其中chunkIndex为备份服务器对备份文件基于SAPCI算法进行分块后的分块序号，从0开始标记，chunk bytes为备份服务器对备份文件基于SAPCI 算法进行分块后的长度不固定的分块字节数组，MD5(chunk bytes)为对分块字节数组计算其MD5值后的校验码(其中MD5校验码计算方式有多种，以使用Java 编程语言为例，其可使用JDK(JavaDevelopment Kit，Java开发工具)中自带的MessageDigest类提供的digest方法进行计算，只需把分块字节数组作为参数传递给digest方法即可)。对文件分块后对各数据块使用MD5进行加密，无需对数据块计算弱校验码。where chunkIndex is the sequence number of the chunk after the backup server chunks the backup file based on the SAPCI algorithm, starting from 0, and chunk bytes is the chunked byte array with variable length after the backup server chunks the backup file based on the SAPCI algorithm. , MD5 (chunk bytes) is the check code after calculating the MD5 value of the block byte array (there are many ways to calculate the MD5 check code. Taking the Java programming language as an example, it can use the JDK (Java Development Kit, The digest method provided by the MessageDigest class that comes with Java development tools) is calculated, just pass the block byte array as a parameter to the digest method). After the file is divided into blocks, MD5 is used to encrypt each data block, and there is no need to calculate the weak check code for the data block.

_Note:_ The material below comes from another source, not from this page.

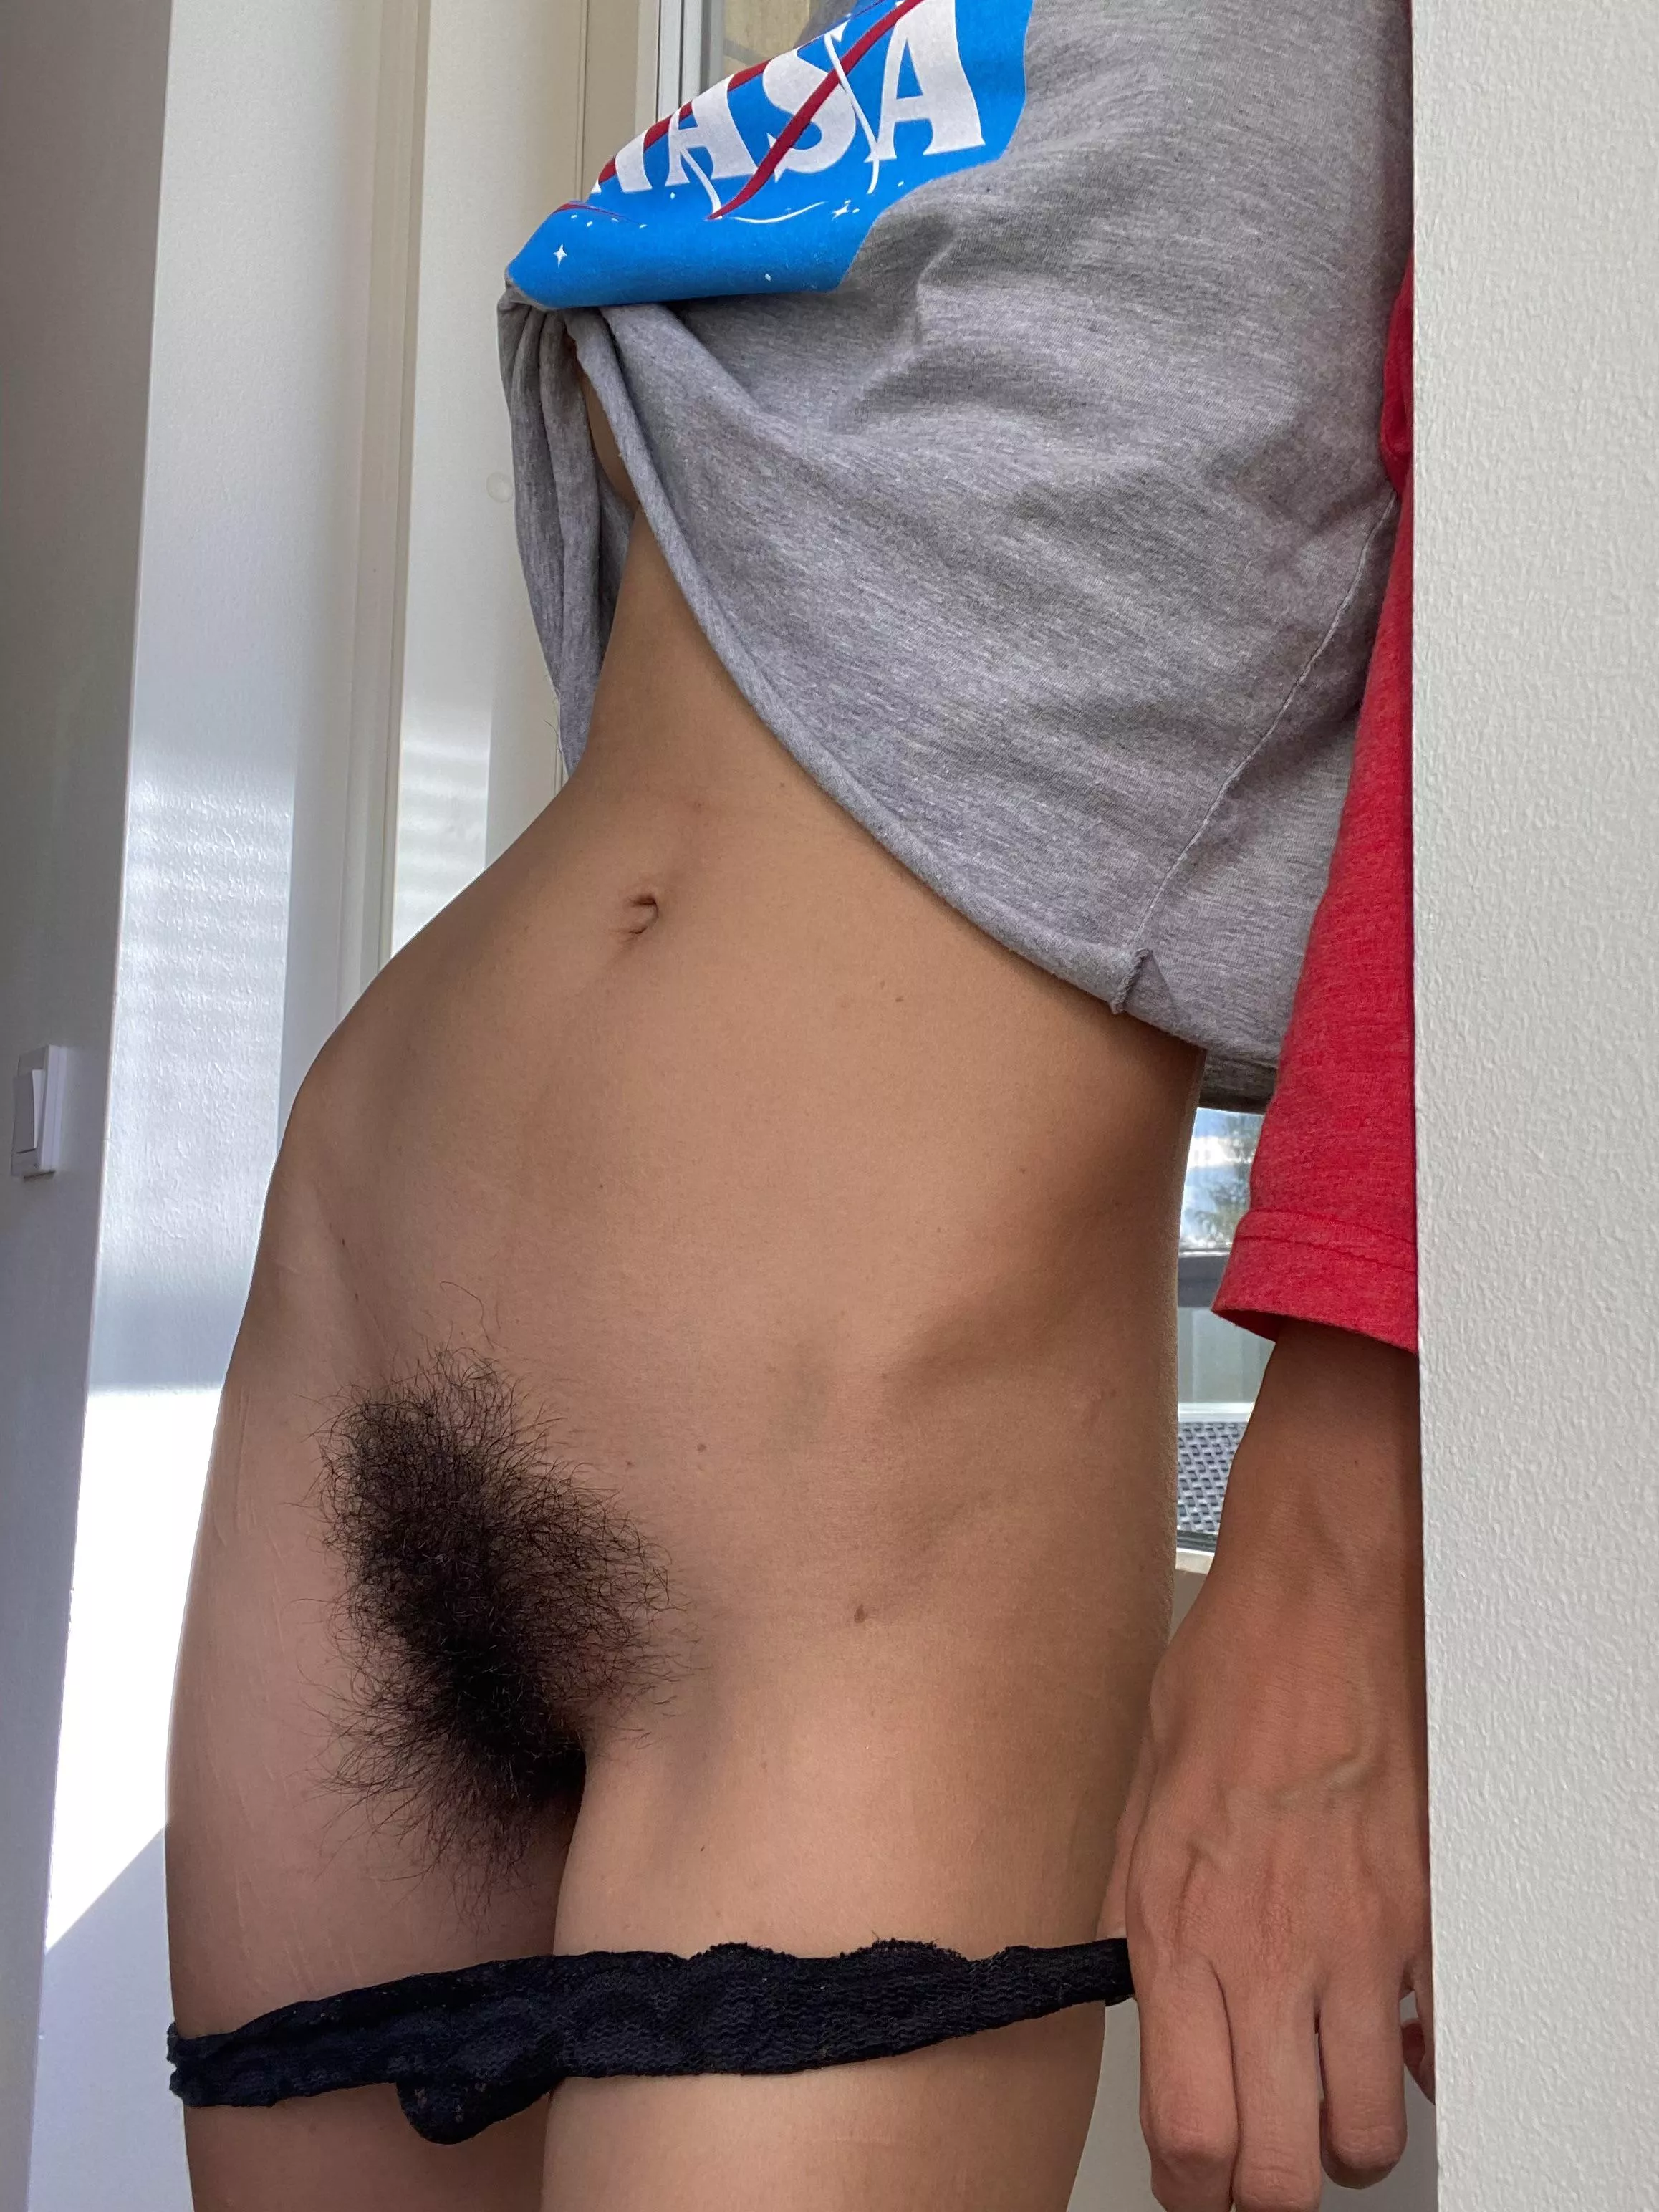 I had a feeling you guys would appreciate my very hairy pussy todayâ€¦ nudes  by sexretivy

3)备份服务器对生成后的数据List_backup-MD5发送至源服务器中(Source Server)。3) The backup server sends the generated data List _backup-MD5 to the source server (Source Server).

4)在源服务器中同样对发生变动的源文件(Source File)使用相同的 SAPCI算法进行分块，并保持源服务器与备份服务器中使用的SAPCI算法的参数一致。该步骤可以与步骤1-步骤3同步进行。4) In the source server, the changed source file (Source File) is also divided into blocks using the same SAPCI algorithm, and the parameters of the SAPCI algorithm used in the source server and the backup server are kept consistent. This step can be performed simultaneously with steps 1-3.

5)在源服务器中同样利用MD5对源文件分块后的各数据块进行加密。同样，令各小块加密后的结果为MD5_src-i(其中src代表对源文件分块后的各小块进行加密，i＝0,1,2,3,4,5…,代表着对源文件分块后各小块的编号顺序)，完成加密后同样把加密后的结果MD5_src-i按照编号顺序存储于源服务器的内存中形成MD5列表(以List_src-MD5表示)，该步骤可以与上述步骤1-步骤3同步进行。5) In the source server, MD5 is also used to encrypt each data block after the source file is divided into blocks. Similarly, the encrypted result of each small block is MD5 _src-i (where src represents the encryption of each small block after the source file is divided into blocks, i=0, 1, 2, 3, 4, 5..., represents the After the source file is divided into blocks, the numbering sequence of each small block), after completing the encryption, the encrypted result MD5 _src-i is also stored in the memory of the source server in the number sequence to form an MD5 list (represented by List _src-MD5 ), this step It can be performed simultaneously with the above steps 1-3.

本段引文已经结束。